The impact of observation uncertainty is often overlooked in hydrological model calibrations, largely due to the lack of strategies for incorporating this uncertainty into the calibration framework. These uncertainties can severely limit the applicability of calibrated models, as they are often overfitted to mean or single observation values. Even small fluctuations in the observations can degrade the performance of the model, potentially disqualifying it as a non-dominated solution. This, in turn, reduces the reliability of what is considered a compromise solution. Conversely, identifying solutions similar to the compromise solution that account for observation uncertainty, while maintaining an acceptable level of performance, could enhance the reliability of the calibration outcomes. However, scrutinizing these “acceptable solutions considering observation uncertainties” comes with challenges. The influence of observational uncertainties varies across variables and depends on the objective functions used in calibration as well as the nature of the data uncertainties.
4.2.3 Parameter identifiability and equifinality
Figure 8 illustrates that the four-objective calibration effectively reduced the parameter space substantially in the two basins for most parameters, particularly when comparing the compromise solutions across repeated experiments. Even when we consider the acceptable Pareto solutions considering observation uncertainties, a significant reduction in the a priori parameter range was achieved for most cases, except two parameters in the Ganges and five in the Brahmaputra basin. This already indicates that a good level of identifiability has been achieved. A parameter is considered identifiable for a given set of observations if the true value of the parameter can be inferred with confidence (Wu et al., 2019). The degree of identifiability is usually measured by the posterior standard deviation for individual parameters and posterior covariance matrix for multiple parameters (Wu et al., 2019; Arendt et al., 2012a, b). Cibin et al. (2010) determined parameter identifiability in the Soil and Water Assessment Tool (SWAT) model through visual inspection of scatter plots of model parameters against their corresponding performance metric, considering a parameter identifiable if a distinct performance metric maximum was observable in the scatter plot. In the absence of a posterior distribution, we measured the degree of identifiability as the ratio of the parameter range in the compromise solutions of the eight replications to the a priori parameter range (Tables S8 and S9, Fig. 7).
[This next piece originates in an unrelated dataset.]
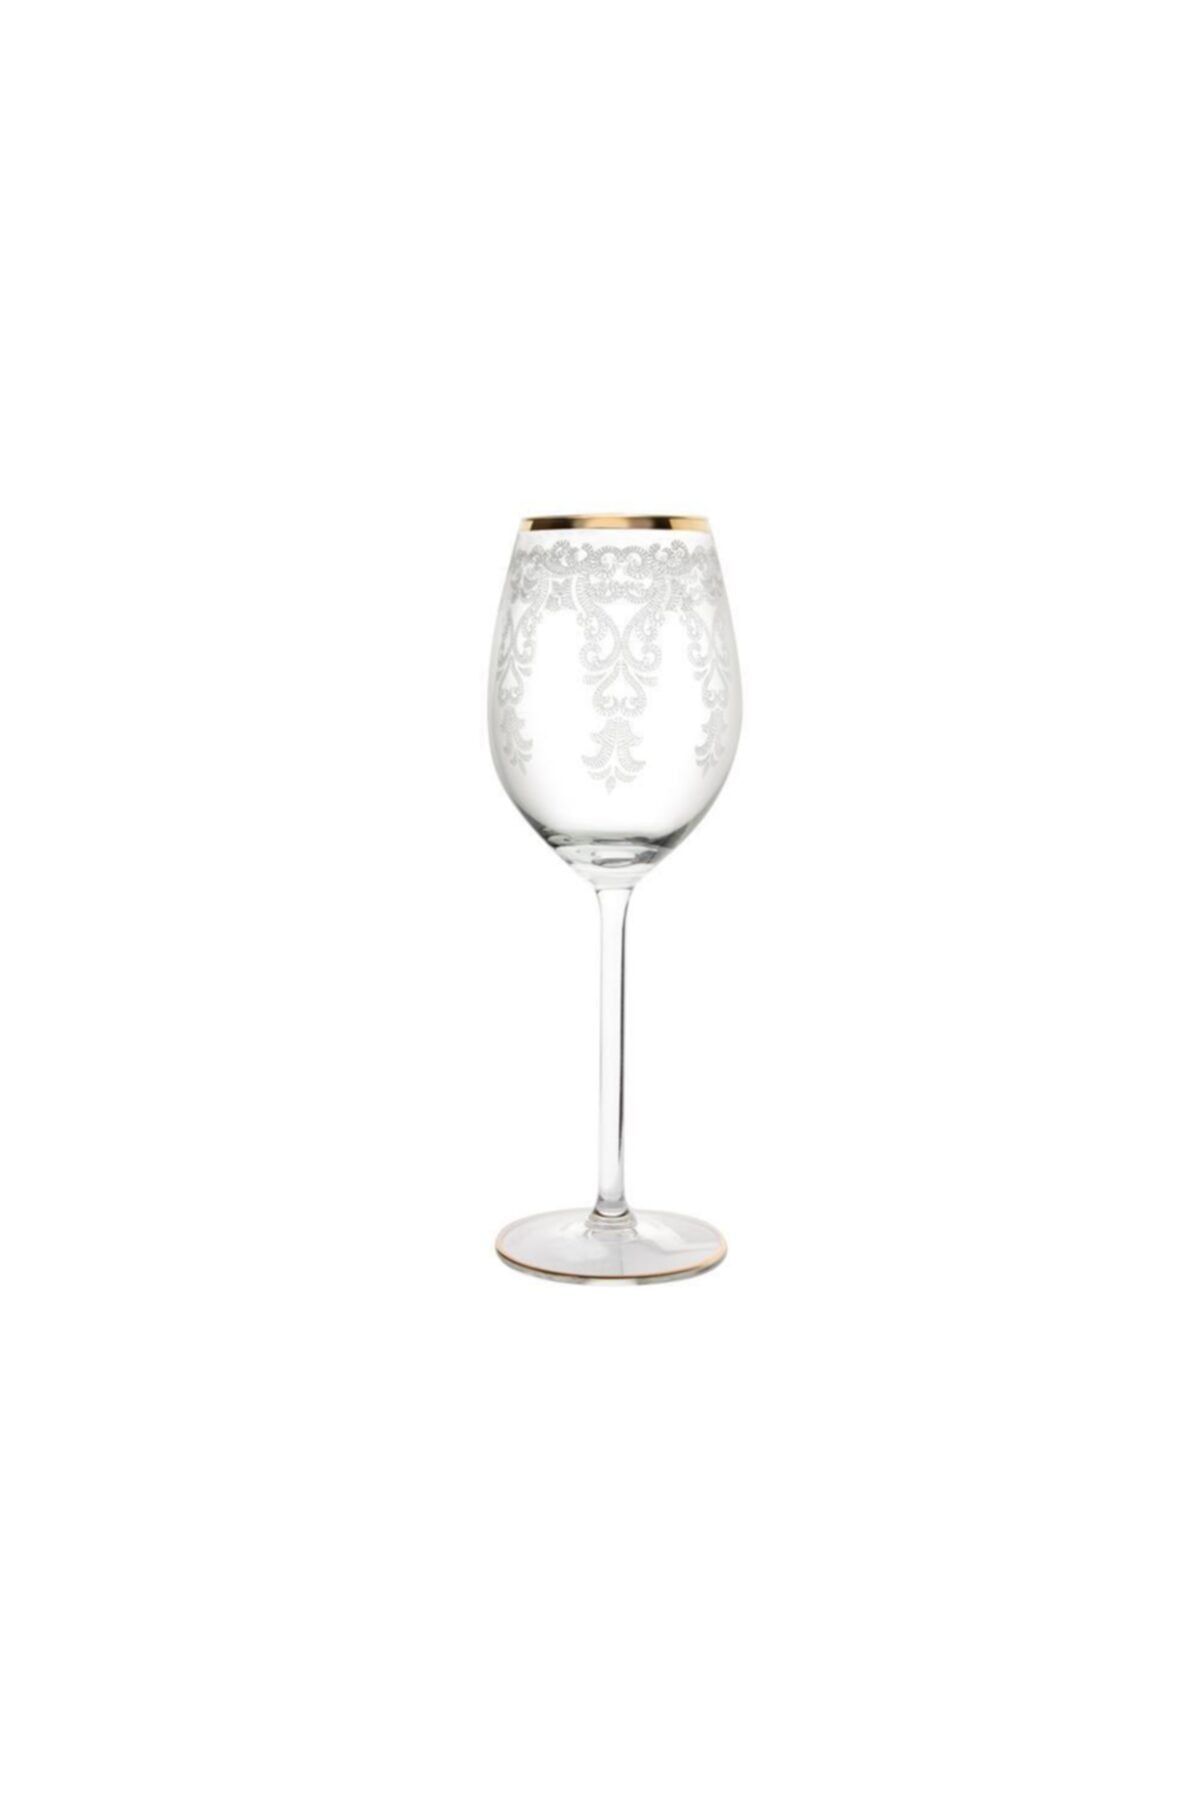 Porland Gild Altın Beyaz Şarap Bardağı 310cc

Due to the fewer parameters involved in the Ganges calibration experiments, better parameter identifiability is observed within the basin compared to experiments in the Brahmaputra basin. We investigated how individual observations influence parameter identifiability during calibration and explored the impact of sensitivity on parameter identifiability. The least satisfactory result was obtained for the calibration with Q only where the ranges of only two parameters (P-PM and SL-RC) in the compromise solutions are less than 15 % of the a priori range. Five parameters (P-PM, EP-PTh, SL-MSM, SL-RC, and SW-RRM) are better constrained by the calibration with TWSA alone. Two sets of six parameters are best constrained by the ET and the SWSA variables, respectively. For ET, they are P-PM, EP-PTh, SL-MSM, SL-RC, GW-MM, and SW-DC, and for SWSA the parameters are SL-MSM, SL-RC, SW-RRM, SW-WD, NA-GM, and NA-SM. Compared to the sensitivity indices (mean EET, Table S2, Fig. 7), the parameters that are better identified in the SWSA-only calibration are those with the highest sensitivity for this variable. Wu et al. (2019) demonstrated that identifiability is largely related to the sensitivity or significance of the calibration parameters with respect to response variables. For ET, however, SW-DC and GW-MM are well constrained by the calibration but are not among the influential parameters for any signature of ET in the SA. For TWSA and Q the relationships between parameter identifiability based on the range ratio and the most sensitive signatures from SA are more diverse. In their study, Soares and Calijuri (2021) also observed a clear disparity between the results of their identifiability analysis and sensitivity analysis, although the majority of the results in the two analyses were similar. One should keep in mind, though, that the objective function used in calibration is only one of the signatures that was used to measure sensitivity in the SA. Nevertheless, we usually observe high correlations among the objectives and the parameters for at least one of the variables (Table S4, Fig. 7).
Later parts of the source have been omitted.